Menurut Irvan, konsep inovasi kali ini berlandaskan tiga pilar besar. Pilar pertama adalah Demokratis Inovasi, di mana seluruh lapisan masyarakat mulai dari pedagang kaki lima hingga startup memiliki ruang berkontribusi.
“Visi ini menciptakan Surabaya Inovatif Inklusif, di mana inovasi bukan untuk memonopoli kelompok tertentu, melainkan hak dan tanggung jawab bagi setiap warga kota,” ujarnya.
Pilar kedua menyasar pada penguatan ekonomi sirkular dan berkelanjutan, sedangkan pilar ketiga mengarah pada pemanfaatan teknologi humanis, termasuk AI dan big data, untuk menjawab persoalan kota secara langsung.

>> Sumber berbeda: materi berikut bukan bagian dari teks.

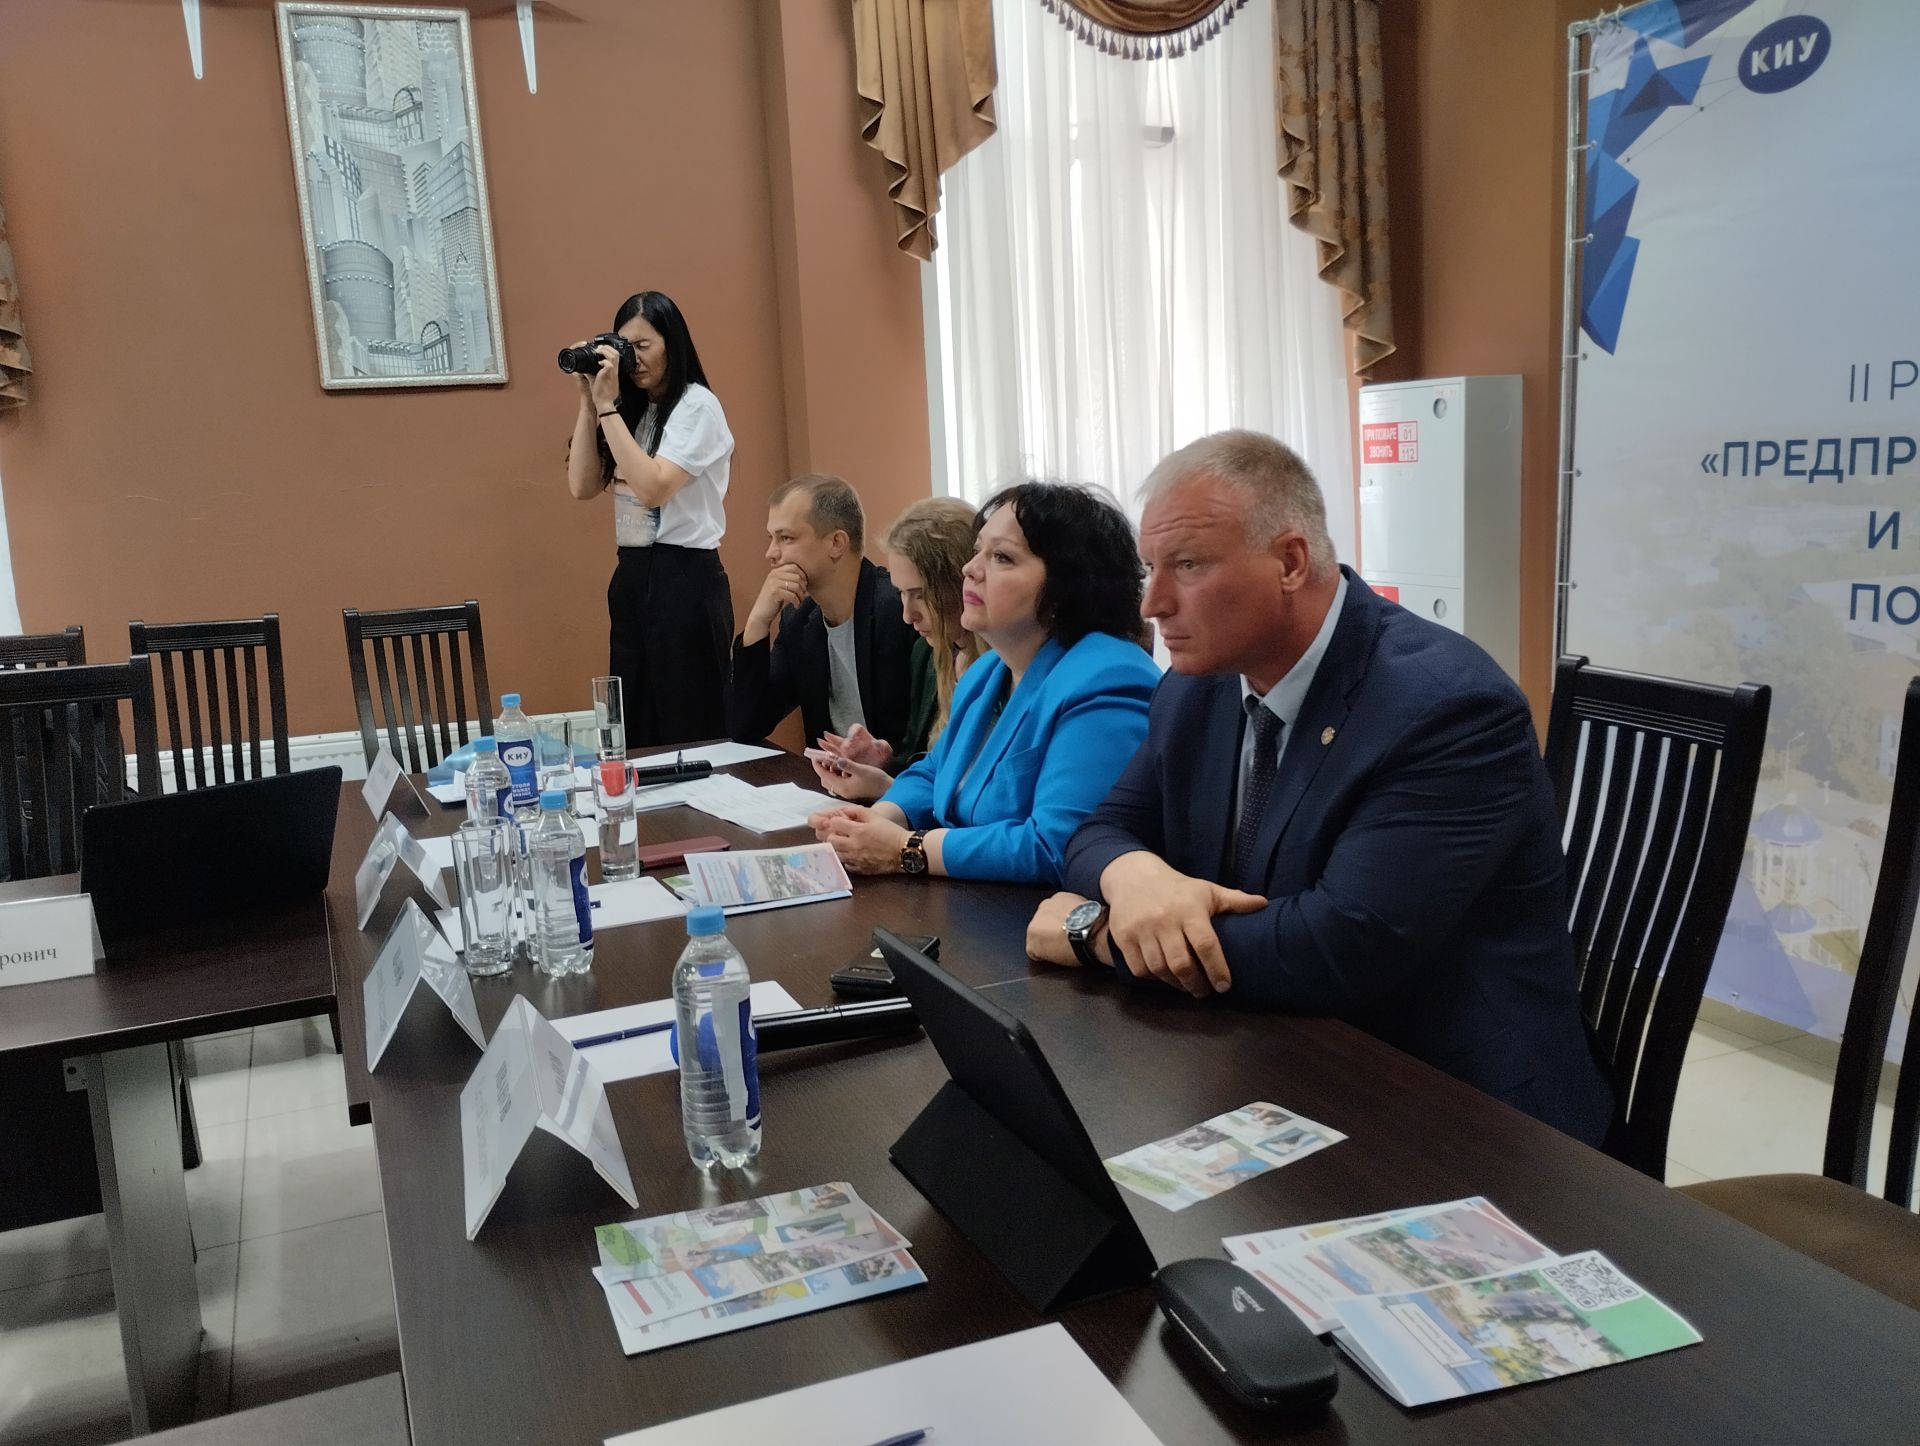 В Чистополе состоялся второй республиканский форум «Предпринимательская инициатива и развитие туристского потенциала Закамского региона»

“Bayangkan, jika sistem AI dapat membantu memprediksi banjir dengan akurasi tinggi melalui aplikasi mobile yang terhubung dengan ponsel warga,” terang Irvan.
Inovboyo 2025 membuka peluang luas bagi kemunculan ide-ide progresif dari lingkungan dinas, kecamatan, RSUD, hingga lembaga legislatif. Setiap sudut kota diharapkan dapat menjadi laboratorium inovasi terbuka.